The generation of sounding videos has seen significant advancements with the advent of diffusion models. However, existing methods often lack the fine-grained control needed to generate viewpoint-specific content from larger, immersive 360-degree environments. This limitation restricts the creation of audio-visual experiences that are aware of off-camera events. To the best of our knowledge, this is the first work to introduce a framework for controllable audio-visual generation, addressing this unexplored gap. Specifically, we propose a diffusion model by introducing a set of powerful conditioning signals derived from the full 360-degree space: a panoramic saliency map to identify regions of interest, a bounding-box-aware signed distance map to define the target viewpoint, and a descriptive caption of the entire scene. By integrating these controls, our model generates spatially-aware viewpoint videos and audios that are coherently influenced by the broader, unseen environmental context, introducing a strong controllability that is essential for realistic and immersive audio-visual generation. We show audiovisual examples proving the effectiveness of our framework.

Paper Structure

This paper contains 12 sections, 1 equation, 3 figures, 1 table.

Figures (3)

  • Figure 1: The Con360-AV generation process. The model generates a target viewpoint conditioned on three inputs: global 360° saliency maps, a scene-wide text caption, and viewpoint-specific BASD maps. The figure shows how two different outputs, Viewpoint 1 (green) and Viewpoint 2 (red), are generated from the same scene by providing their corresponding BASD maps.
  • Figure 2: Derivation of the three contextual conditionings from a 360° video. The pipeline generates a textual prompt and two visual prompts through parallel branches. (1) Spatially-aware Caption: For each of the six directional viewpoints (front, back, left, right, top, bottom), BLIP-2 generates a series of captions at different timestamps to capture the evolution of the scene.
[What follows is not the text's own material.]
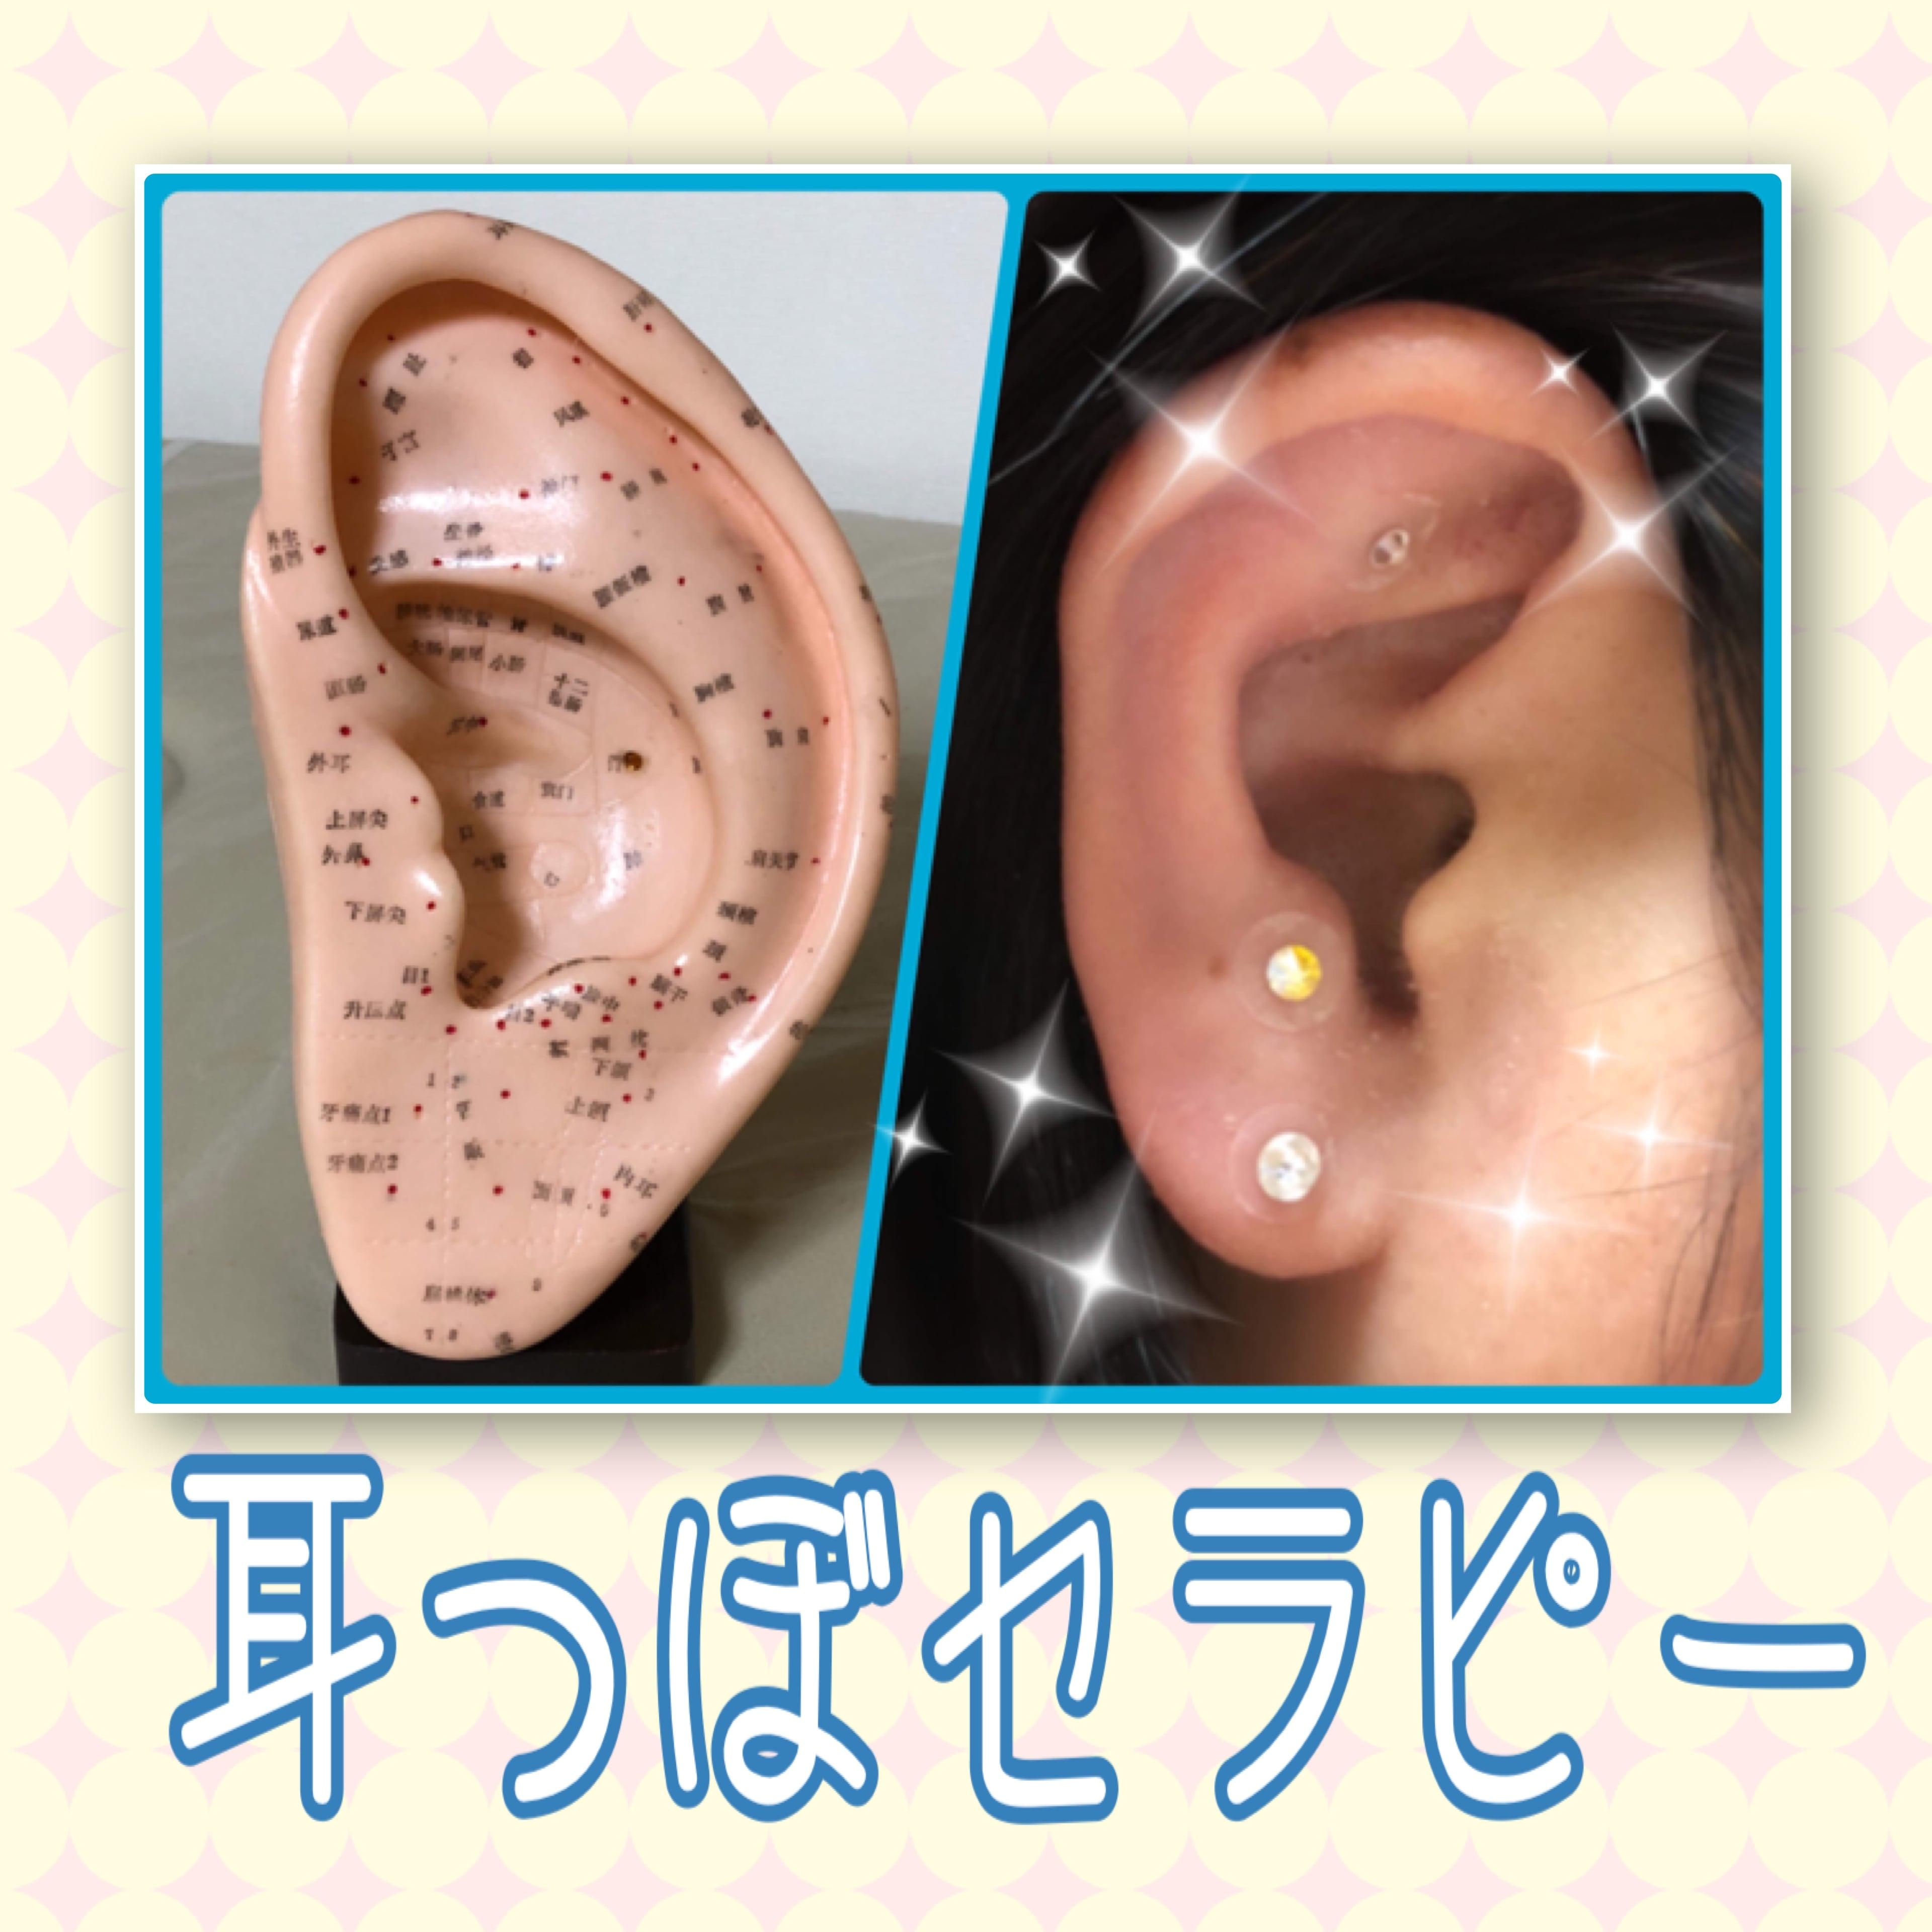 耳つぼセラピーのイメージその1

Llama-3.2 then synthesizes this full set of descriptions to reconstruct a single, dynamic caption summarizing the action across the entire 360° view over time. (2) Saliency Maps: In parallel, the full 360° video is processed by SalViT360 to generate a sequence of saliency maps that highlights the most visually important regions over time. (3) BASD Maps: Centroids from the saliency maps are used to define the target viewpoint and generate a corresponding BASD (Boundary-Aware Saliency Detection) map for structural guidance.
  • Figure 3: Example of 2 generated viewpoints of the same scene.